At still lower levels, the rules are often changed simply to make the game playable with limited resources, or to render it more convenient and enjoyable for the participants. Informal variants of the sport can be played almost anywhere, if there is enough space.

==Professional cricket==
Four forms of cricket have been played at what may be termed the highest international or domestic level of the game. Three are contested currently and one is historic. There is no official term for this level of cricket collectively, although the individual forms do have official designations and are defined by the International Cricket Council (ICC). In the past, before any official definition was agreed upon, highest standard matches were routinely described as "great" or "important" or "top-class"; or even "first-class" before this became the official term for one type of cricket (see below). Note that "minor cricket" is a term used officially in England and Wales at least.
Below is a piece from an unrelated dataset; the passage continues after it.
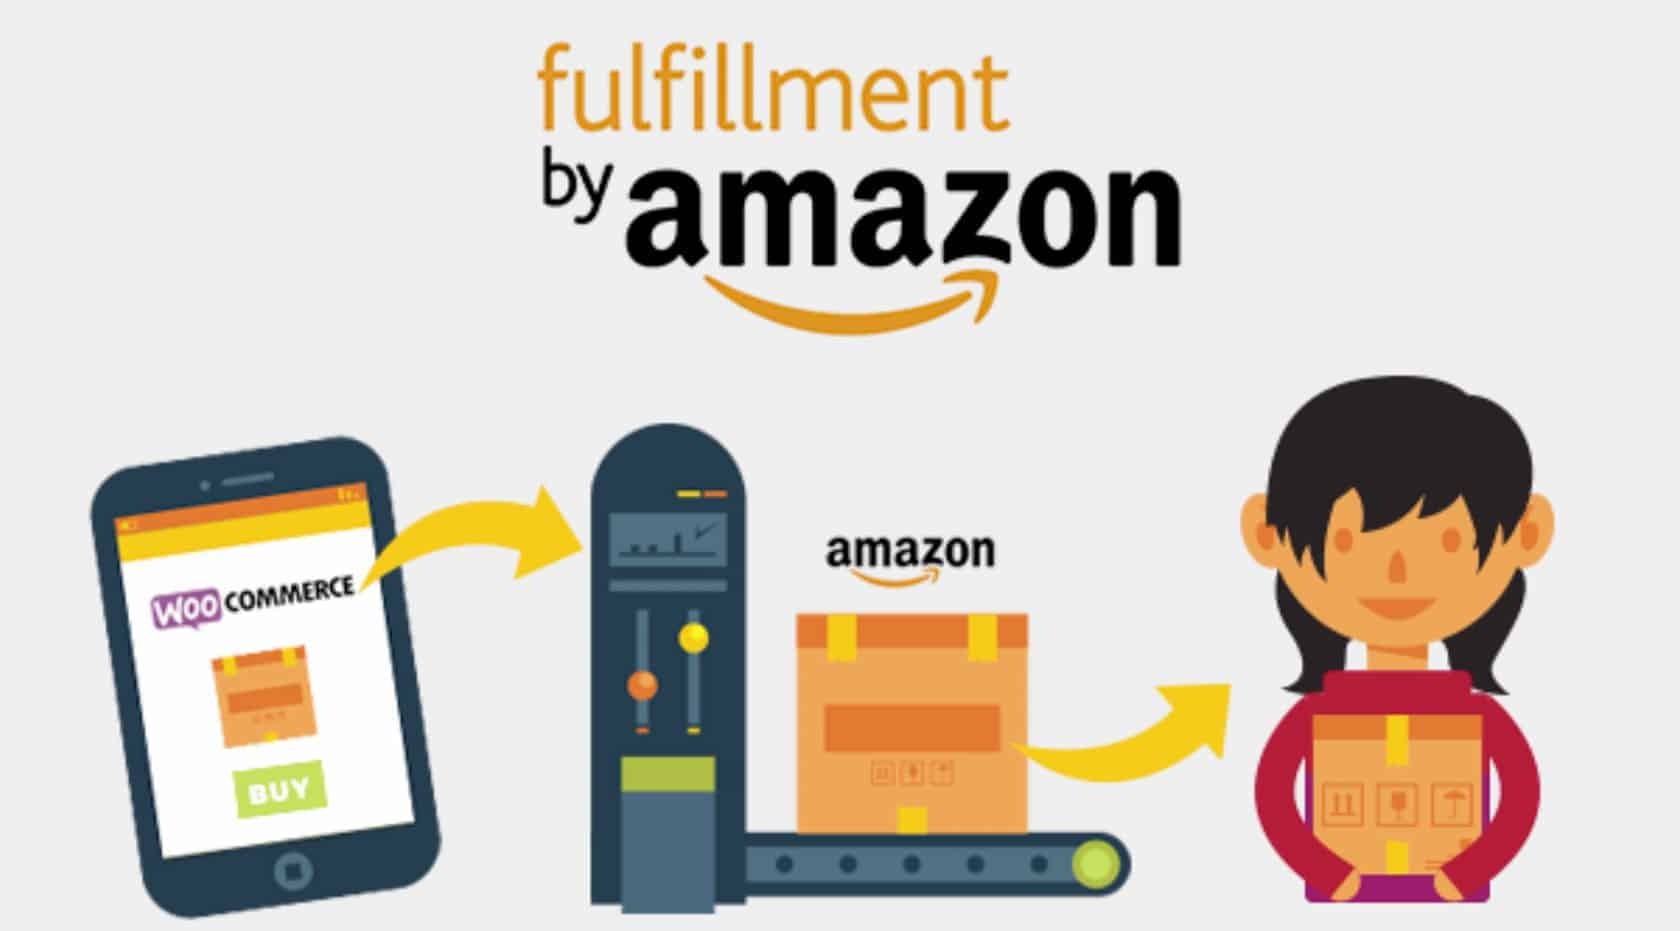 WooCommerce Amazon Fulfillment - Amazon Fulfillment WooCommerce v4.2.2 by Woocommerce Nulled Free Download

Matches played at the highest international and domestic levels are those in which players and/or teams of a recognized high standard are taking part. In modern domestic cricket, it includes first-class cricket, List A cricket and top-class Twenty20 competitions for both men and women. Test cricket, One Day Internationals (ODIs) and Twenty20 Internationals (T20Is) are variations of those forms within the international sphere. Historically (see History of cricket), top-class matches were those held by substantial sources to have historical significance including single wicket and those double innings matches without statistical significance: i.e., lacking scorecards and other statistical data.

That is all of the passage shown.